A global survey of 280 enterprise leaders published this week suggests that while 91% are comfortable with using sensitive data to train artificial intelligence (AI) models, more than three quarters (78%) are also concerned that data might be stolen or that the AI model itself might be breached.
Conducted by Perforce Software, the survey finds 60% of respondents admit their organization has experienced a data breach or theft in non-production environments used for software development, AI and analytics applications, with a full 84% allowing data compliance exceptions in non-production environments despite a rising number of incidents.
On the plus side, 86% of respondents plan to invest in AI data privacy technologies over the next one to two years, the survey finds.
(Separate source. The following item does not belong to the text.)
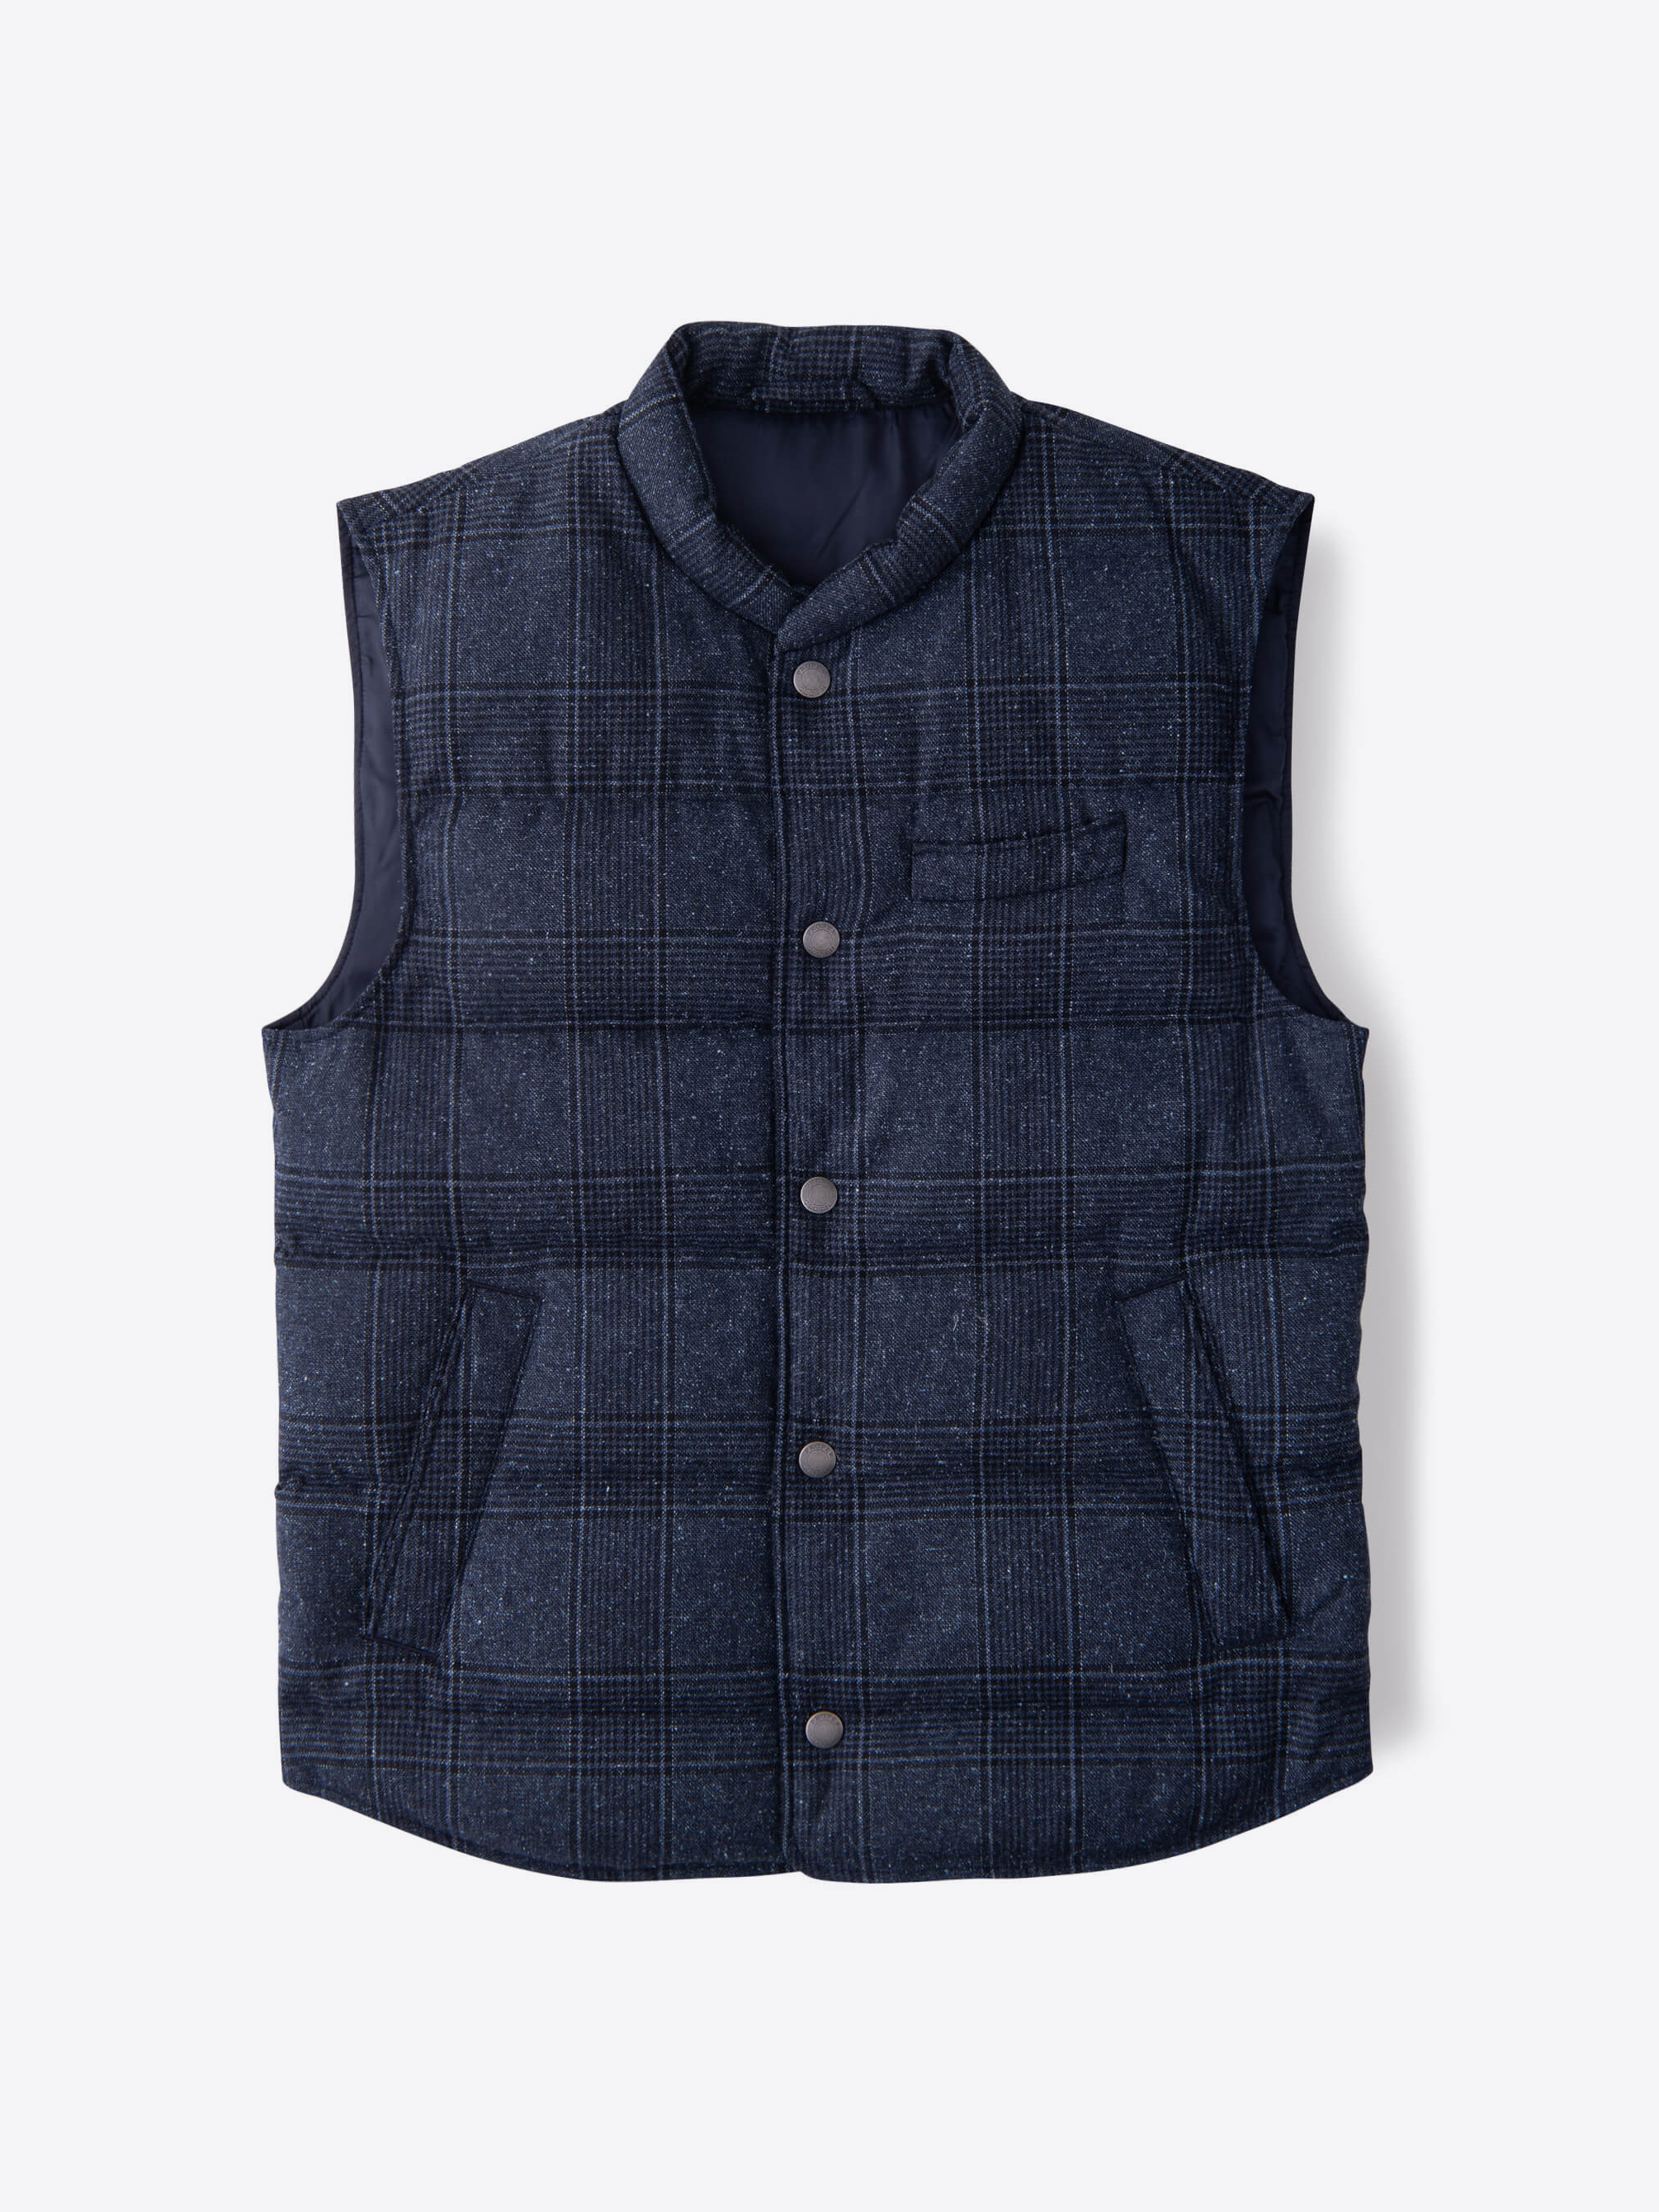 Zoom Image of Cortina Navy Plaid Donegal Wool Snap Vest

The challenge is that many of the existing guardrails that are in place are not very robust, says Steve Karam, a principal product manager for Perforce. As a result, it’s probable that sensitive data being shared with an AI model is likely to be used to train the next iteration of that model. As a consequence, there is a good chance that data might one day manifest in an AI output in a way that not only results in reputational damage but also violates various compliance mandates.
Ideally, data governance policies need to be baked into the machine learning operations (MLOps) workflows that are being used by AI models to ensure sensitive data is not used to train an AI model, says Karam. “There needs to be data anonymity for training,” he says.
In reality, however, it’s still too easy for personally identifiable information (PII) data to be used when training AI models, notes Karam.
More challenging still, the fact that AI models contain sensitive data turns them into a honeypot that attracts malicious actors that are becoming more adept at using prompt injection techniques to expose that sensitive data, adds Karam.
Of course, it can be difficult to convince senior business leaders to invest in the tools needed to ensure the appropriate guardrails are in place when there have only been a limited number of instances where sensitive data has been exposed by an AI model. Nevertheless, it’s more a question of when these types of data breaches will become more common as the number of AI models being deployed in production environments continues to expand.
In the meantime, AI is shining a light on just how poorly sensitive data is being managed today. Many end users are already exposing sensitive data to LLMs in ways that IT and security teams can’t easily discover. Worse yet, many of them are not checking the licensing agreement to opt out of any provision that might allow the provider of an AI service to use that data for training purposes.
Ultimately, each organization will need to revisit their data management and governance policies in the AI era because the one thing that is certain is any data that can be accessed by an AI model or agent will be in ways that no one is likely to appreciate.